Senator Richard Burr is asking for leadership on the energy debate; how’s this for some direction: lease more than 3% of OCS and more than 6% for onshore energy production New York Times (5/20/11) reports: As lawmakers weigh a range of options following the defeat in the Senate this week of highly partisan energy bills, many are looking to President Obama to help loosen political gridlock over energy policy or use his executive powers to spur new production… Votes this week on a measure from Sen. Robert Menendez (D-N.J.) to slash oil industry tax breaks and a proposal by Minority Leader Mitch McConnell (R-Ky.) to ramp up drilling and leasing failed to garner bipartisan support. Both bills were offered as the political parties seek an advantage on the vexing issue of skyrocketing gasoline prices…Now the question is, what comes next?…While some senators and House members are promising to keep pushing energy packages they say have a chance of passing, lawmakers of both parties said Obama needs to take a more active role in brokering a deal on energy policy…”It’s never been the Congress that provided the leadership. We’re two different political parties,” said Sen. Richard Burr (R-N.C.). “This is where we hash out the specifics. But we don’t have the leadership yet that says we have to get to this goal. I think when the president engages we’ll have an energy blueprint.”…Democratic Sen. Ron Wyden yesterday said that while he is hopeful lawmakers can also reach bipartisan agreements on energy bills, he’d like to see the president take unilateral steps as well.

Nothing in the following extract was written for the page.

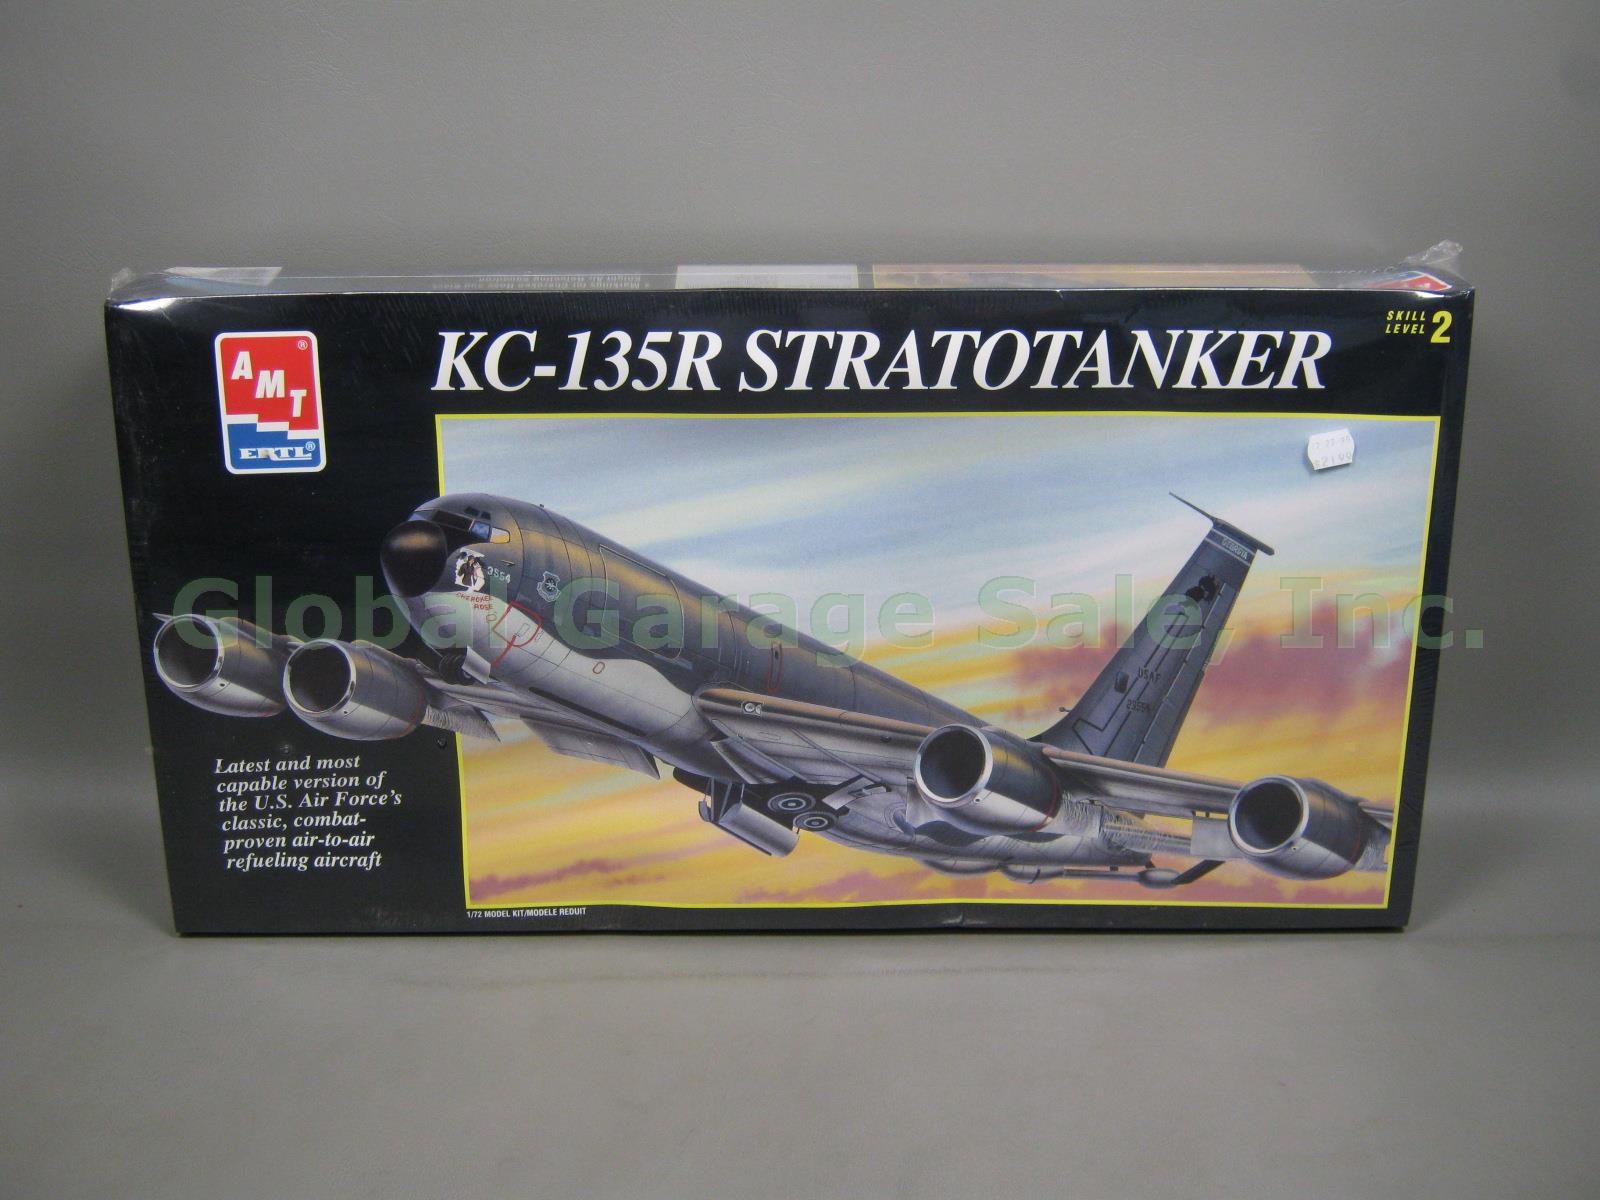 NOS Sealed AMT Ertl KC-135R Stratotanker 1/72 Plastic Model Airplane Kit 8909 NR

If the West is dumb enough to mandate renewable energy the Chinese are smart enough to make it Wall Street Journal (5/20/11) reports: China will offer interest-rate subsidies to the renewable-energy and high-technology material sectors, Vice Minister of Finance Li Yong said Friday….Mr. Li said in a speech at a forum in Shanghai that the government will make comprehensive use of interest-rate subsidies as well implement other incentives to support new energy and new materials. He said it would do this as part of a rebalancing of the economy under the country’s 12th five-year plan, which extends through 2015…China, the world’s largest energy producer and user, has pledged to reduce pollution and cut the amount of carbon emissions per U.S. dollar of economic output by 40% to 45% by 2020 compared with 2005 levels….To that end, it aims to have 15% of its energy mix come from nonfossil fuels such as nuclear and renewable energy sources by 2020 from 8% at present…However the ambitious program has been criticized for poor planning as a significant part of wind-power generating capacity installed around the country has been left idle due to insufficient grid connection…China has been using subsidies to promote the use of wind and solar power as well as energy-efficient cars…But the use of subsidies has created friction with trading partners.